Nel Milanese in questo inutile dibattito politico pre elezioni un genitore simpatizzante lega ha sollevato la questione della canzonetta scelta per la festa di fine anno scolastico, ovvero quella Sing for the climate, una canzoncina realizzata in Belgio sulle note della nostra O Bella Ciao.
Il testo della canzonetta è imbarazzante. Neanche un bambino della scuola dell'infanzia avrebbe potuto realizzare qualcosa di così banale, ma non è questo il problema. Non lo è neppure il fatto che una versione dance sia stata ballata con stupore dalla mia amica in Francia, che alla fine ha tentato di spiegare invano cosa era per noi questa canzone ai Francesi suoi amici, ai quali però non fregava niente.
Attorno alla canzonetta si è sviluppato un dibattito politico ancora più preoccupante di quello che ha circondato il testimonial di non si sa bene cosa Greta. La lega che lo considerava un canto di sinistra, quelli di sinistra (tra cui anche alcuni di Rifondazione che anni fa si contendevano la gestione dell'ANPI locale col PD) un modo per trasmettere valori di libertà contro... BOH!
Infatti sembra che la canzonetta sia stata cantata anche il 25 Aprile... da quelli di sinistra.
A me sembra un atto di revisionismo storico mascherato: il partigiano che muore per la libertà dall'invasore e viene onorato per questo viene sostituito con un semplice grido d'aiuto per salvare il pianeta, da un'accorata esortazione a fare presto, dall'ambizione a volere un mondo migliore, roba che neppure la più cretina delle Miss Italia riesce più a dire quando viene intervistata.
Un amico di Rifondazione sostiene che è un inno alla libertà, che può assumere diversi significati. 
Libertà di che?
L'acqua che arriva nelle nostre case è pompata elettricamente. Quella di prima falda che i nostri nonni usavano è inquinata dall'agricoltura intensiva e dai reflui. Farsi la doccia una volta al giorno inquina. Le strade asfaltate inquinano, le nostre case consumano territorio, coltivare la terra modifica l'ambiente, allevare animali pure (qualcosa dovremo pur mangiare), vestirsi da Zara inquina, la plastica delle nostre sneakers pure, fare la lavatrice, o usare la lavastoviglie inquina, lavare i piatti a mano inquina, riscaldarsi pure, il lavoro consuma energia, risorse, materie prime... 
Quindi, che soluzione propone la canzonetta?
Chiedere ai potenti di fare qualcosa, come dice Greta?
Ma quelli come minimo ti mettono una tassa aggiuntiva sul riscaldamento, sulle auto e sull'acqua e sul lavoro e ti sventrano strade per mettere stazioni di ricarica gestiti da compagnie elettriche ovunque..
Ma noi italiani possiamo risolvere questo problema? Ma se abbiamo una natalità sotto l'indice di sostituzione, in pratica ci stiamo estinguendo, e, in più, ci stiamo pure deindustrializzando e impoverendo? Che altro dobbiamo fare? Rinunciare a coltivare arance e pomodori e convertire le aree agricole in boschi per far arrivare la frutta dalle serre dell'Olanda? Non credo, non sarebbe molto ecologico.
Nel frattempo in Africa il tasso di natalità è il nostro moltiplicato 5 volte: tutte persone che avranno bisogno delle nostre stesse cose e che saranno in competizione con noi (sempre più vecchi e quasi estinti) per l'accaparramento delle risorse, che non saranno per tutti.
Io ho la sensazione che ci stia sfuggendo di mano la situazione. E non esattamente quella dell'ambiente.


----------



## Brunetta (23 Maggio 2019)

Vero.

La rielaborazione di Bella ciao la trovo raccapricciante. Un revisionismo intollerabile. 

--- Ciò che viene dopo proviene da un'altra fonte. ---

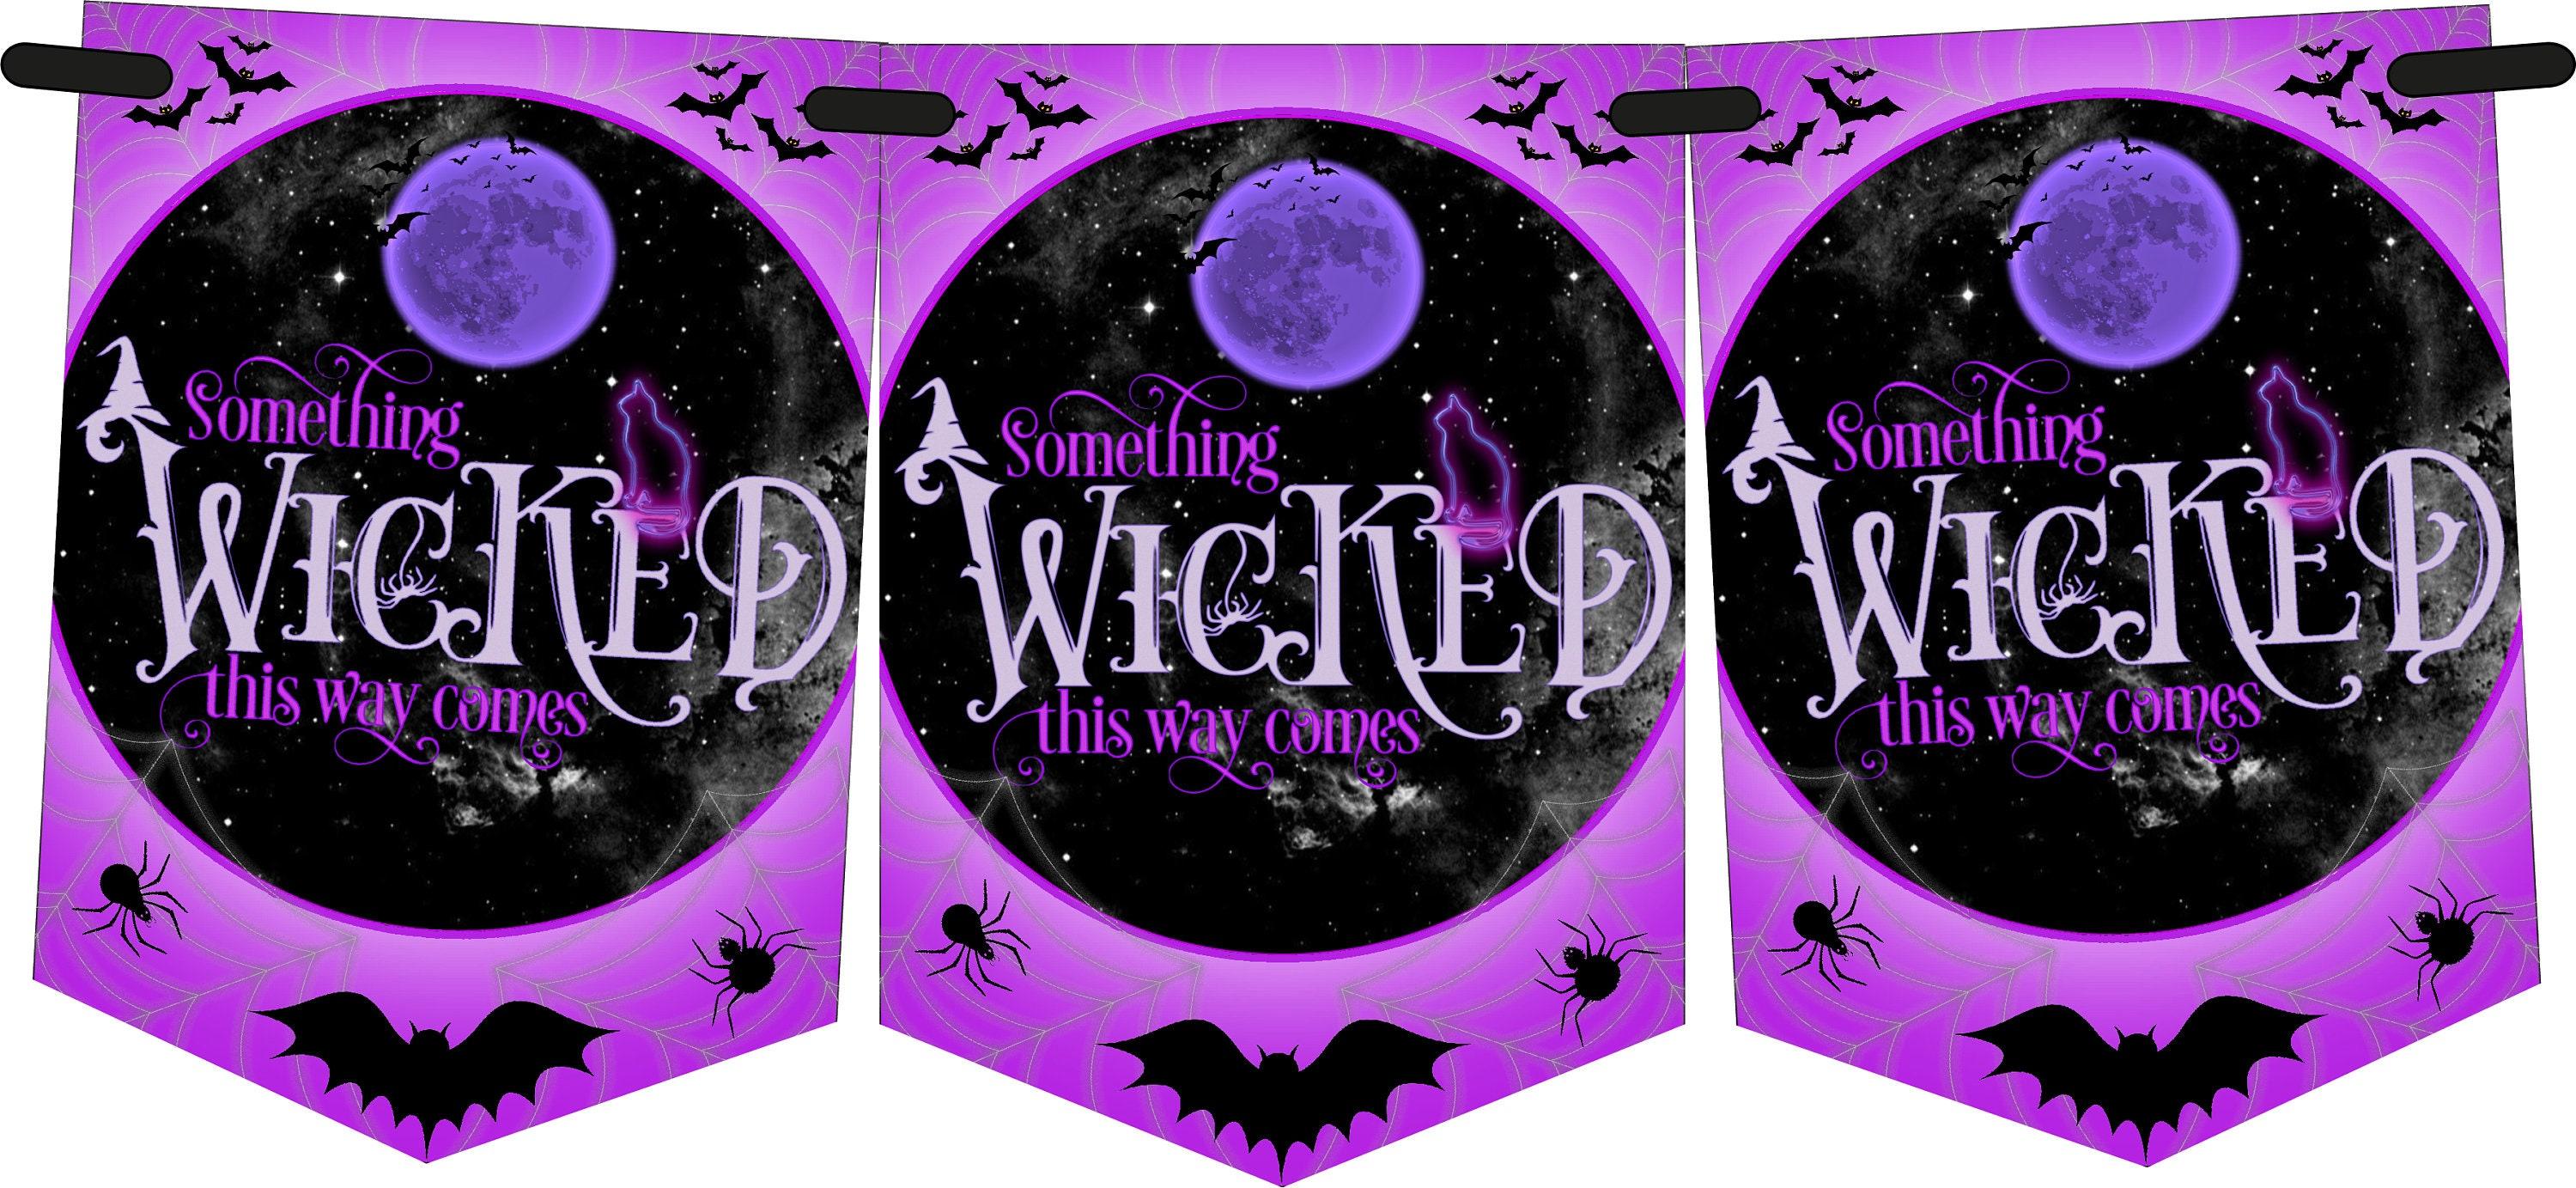 Halloween Bunting,Halloween Banner,8 Flags,Garland for Halloween Decoration,Something Wicked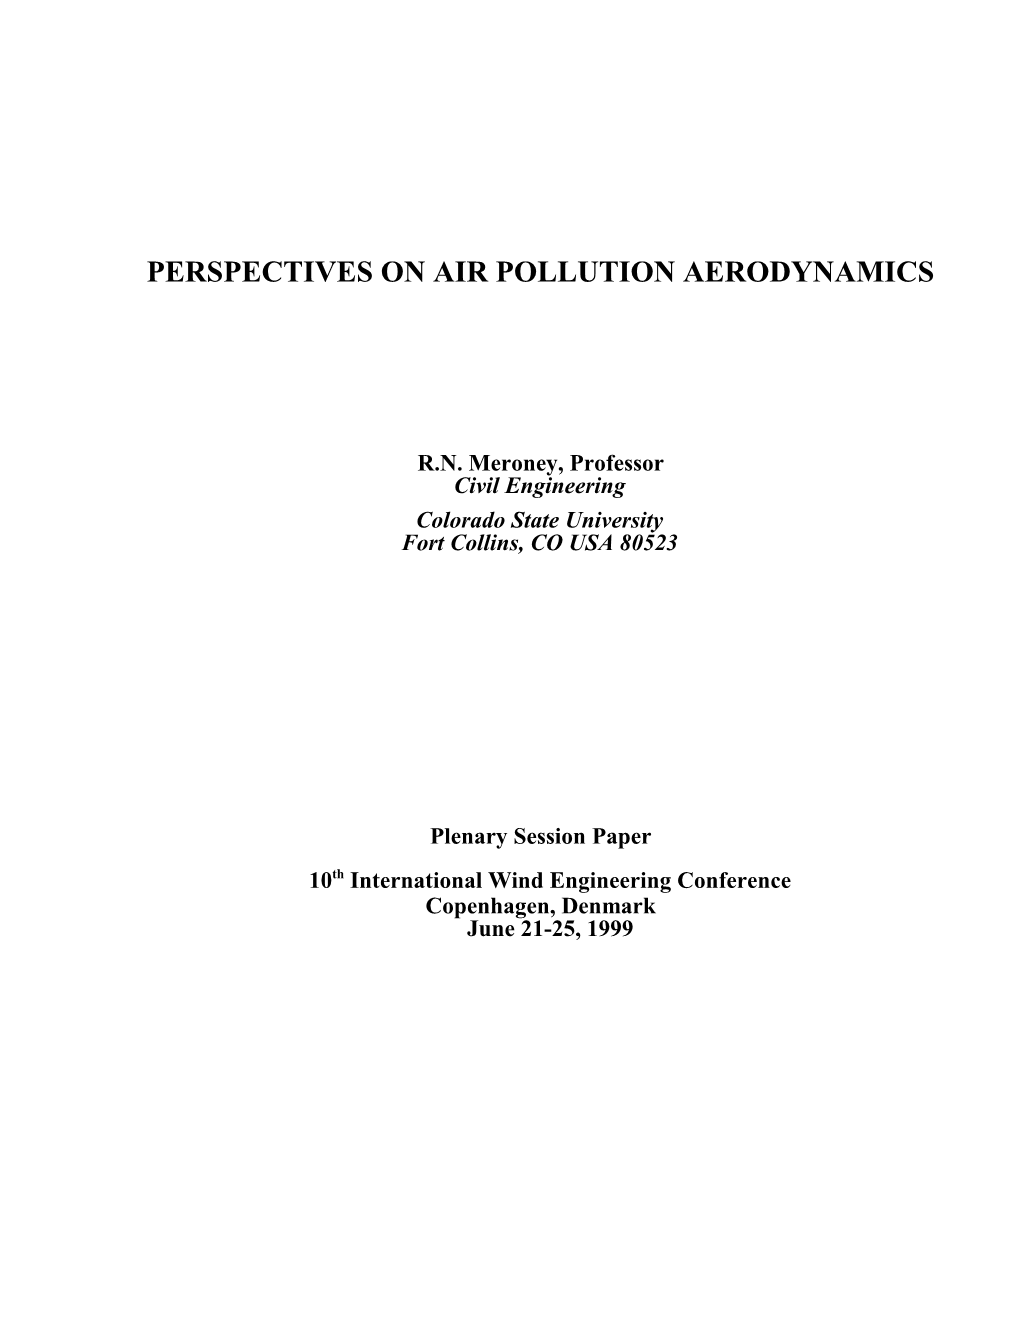 Perspectives on Air Pollution Aerodynamics

L’ecologismo un po’ alla buona (parafrasando Guccini) credo che abbia tanta eco per contrastare prodotti a basso costo dei paesi emergenti e favorire una industria di prodotti che si possano consumare senza sensi di colpa e poter restare benestanti alla faccia di chi sta cercando di uscire dalla miseria.


----------



## danny (23 Maggio 2019)

Brunetta ha detto:


> Vero.
> 
> *La rielaborazione di Bella ciao la trovo raccapricciante. Un revisionismo intollerabile.
> *
> L’ecologismo un po’ alla buona (parafrasando Guccini) credo che abbia tanta eco per contrastare prodotti a basso costo dei paesi emergenti e favorire una industria di prodotti che si possano consumare senza sensi di colpa e poter restare benestanti alla faccia di chi sta cercando di uscire dalla miseria.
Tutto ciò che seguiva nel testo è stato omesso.